Parallel Programming with Split-C, continued

(CS 267, Feb 9 1995)

We continue with our discussion of Split-C begun in the last lecture.

Split Phase Assignment (continued)

In addition to the split phase assignments put (global := local) and get (local := global), there is one more called store, which is of the form
     global :- local
The difference between store and put is that store provides no acknowledgement to the sender of the receipt, whereas put does. This is illustrated by the following figure from the last lecture:

Thus, store reduces yet further the total number of messages in the network, which means the network can spend yet more time sending useful data rather than acknowledgements.
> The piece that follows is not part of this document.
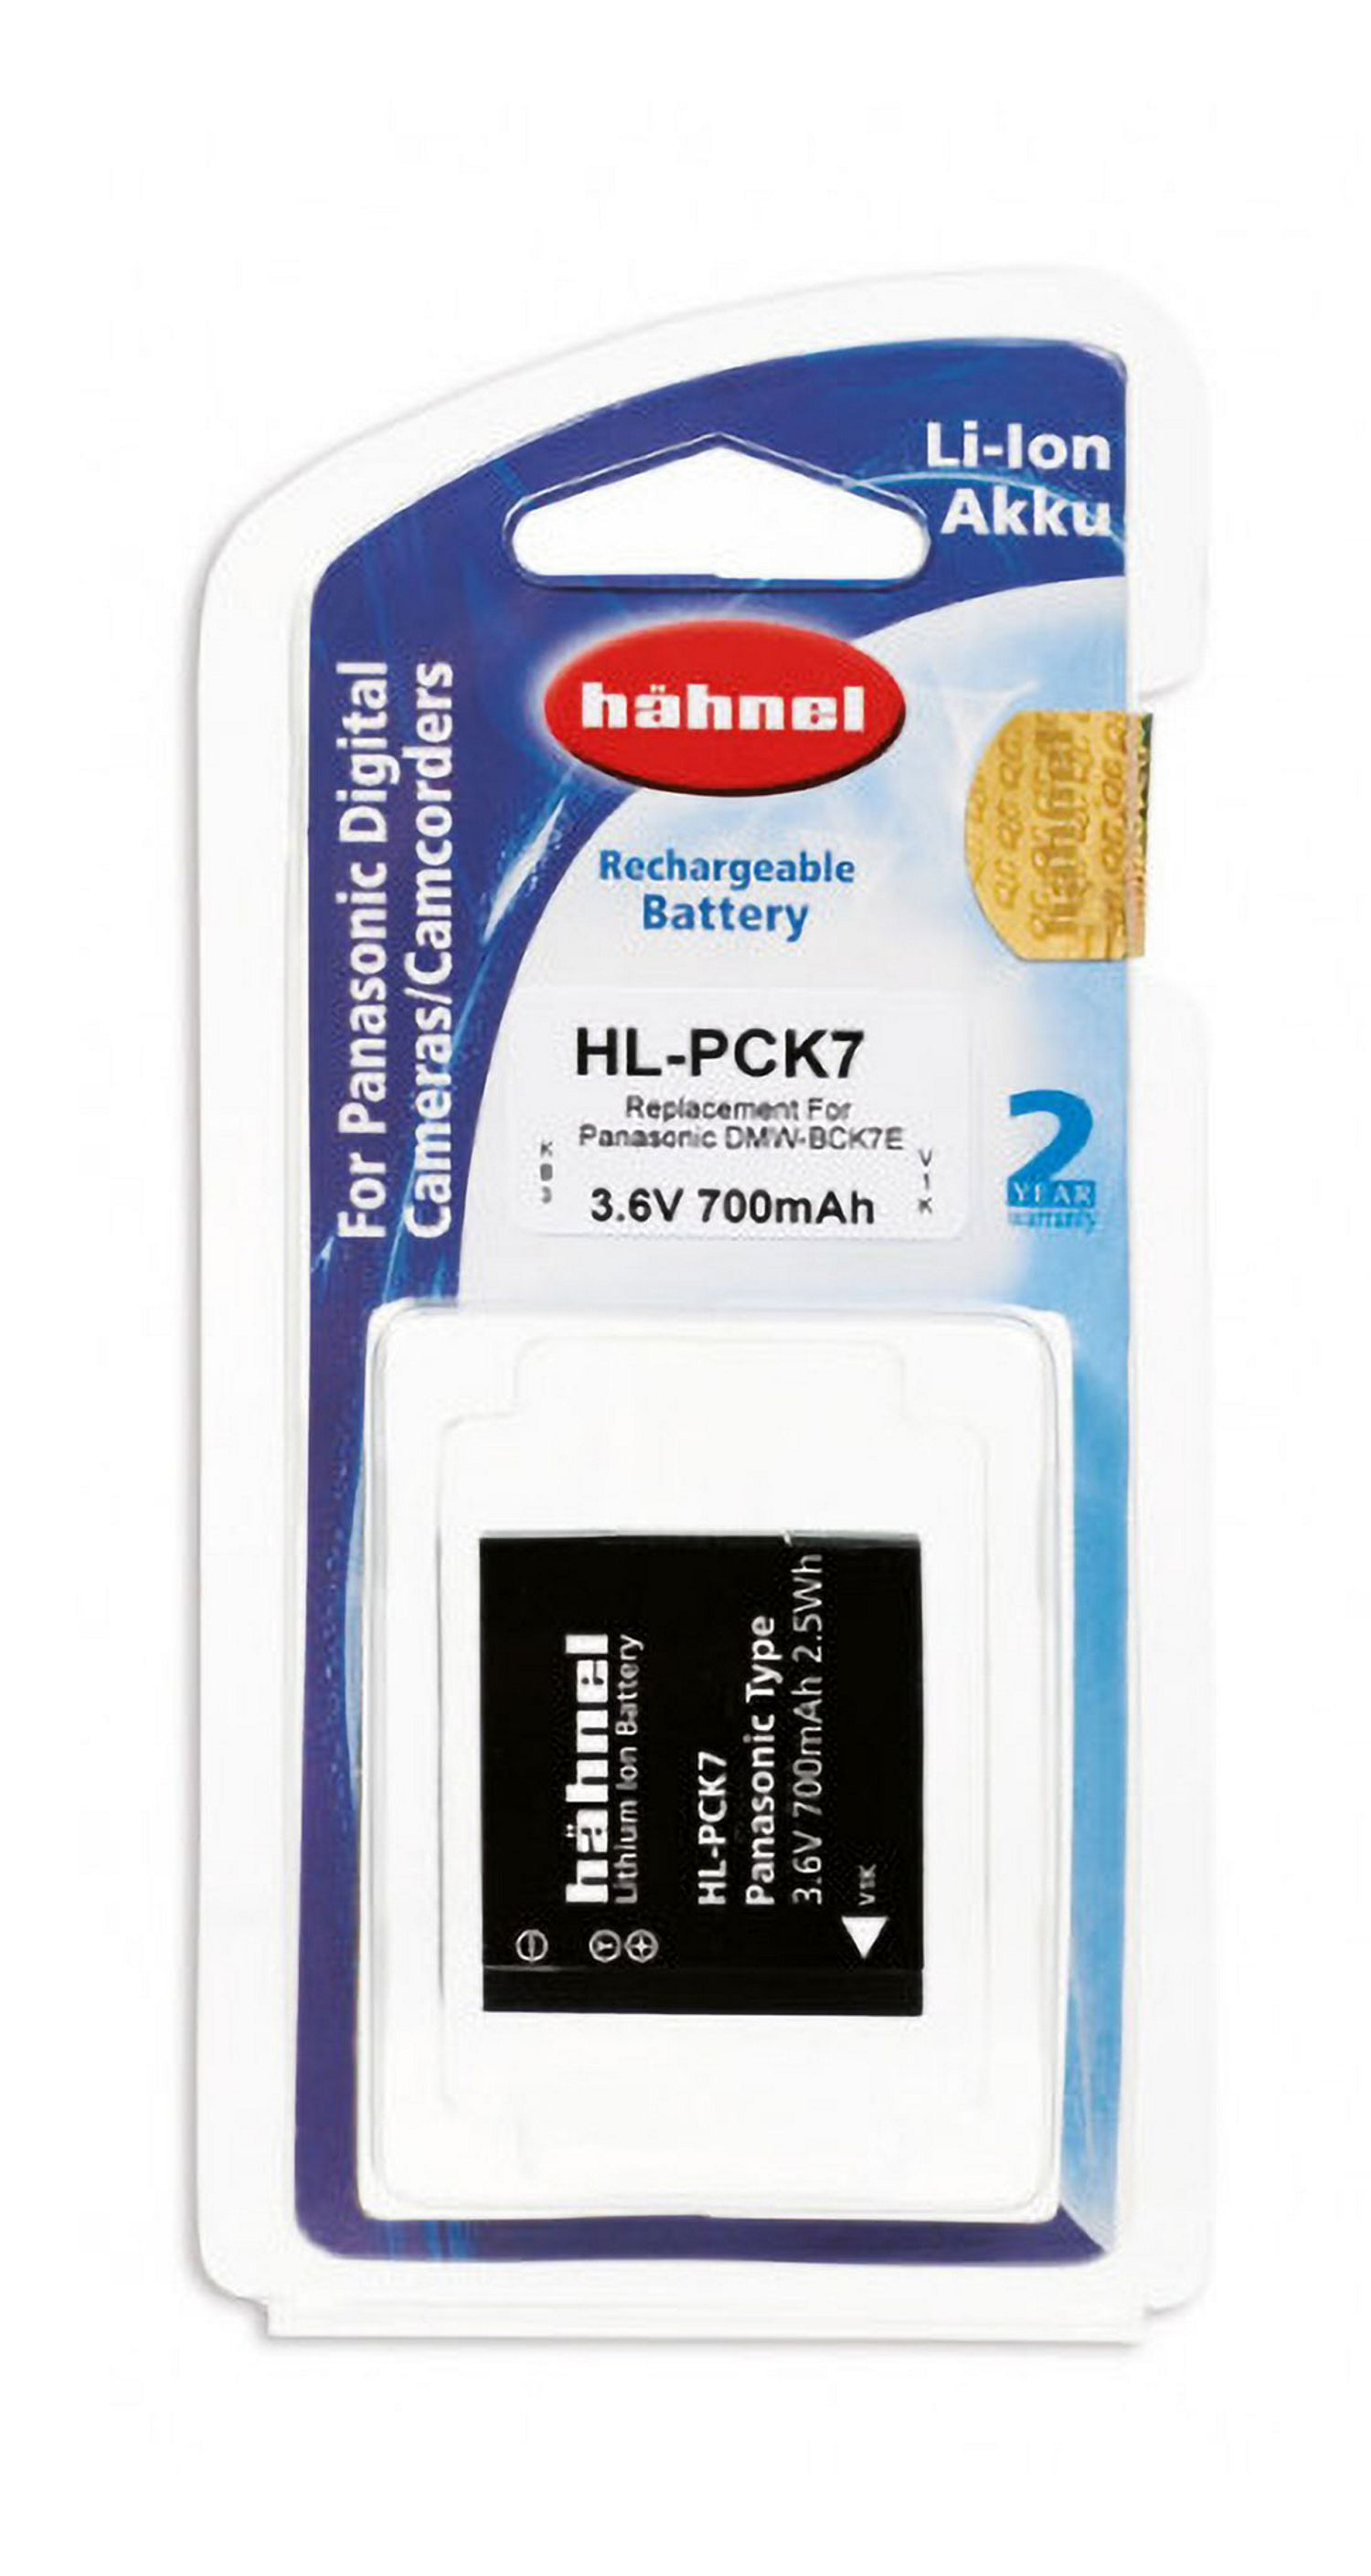 Panasonic Hähnel mAh Li-Ion kompatibel MOBILOTEC 700 3.7 Akku, DMW-BCK7E mit Volt, Li-Ion, Akku

To be able to use the data stored on a processor, one still needs to know whether it has arrived. There are two ways to do this. The simplest way is to call store_sync(n), which waits until n bytes have been stored in the memory of the processor executing store_sync(n). This presumes the parallel algorithm is designed so that one knows how much data to expect.

For example, the following code fragment stores the transpose of the spread array A in B:

  static int A[n]::[n], B[n]::[n]
  for (i=0; i++; i< n)
     B[MYPROC][i] = A[i][MYPROC];
This is a slow implementation because use of "=" in the assignment means at most one communication occurs at a time. We may improve this by replacing "=" by ":=":
  static int A[n]::[n], B[n]::[n]
  for (i=0; i++; i< n)
     B[MYPROC][i] := A[i][MYPROC];
Now there can be several communications going on simultaneously, and one only has to wait for one's own part of B to arrive before continuing. But there are still twice as many messages in the network as necessary, leading us to
  static int A[n]::[n], B[n]::[n]
  for (i=0; i++; i< n)
     B[i][MYPROC] :- A[MYPROC][i];
Now there are a minimal number of messages in the system, and one continues computing as soon as n messages have arrived.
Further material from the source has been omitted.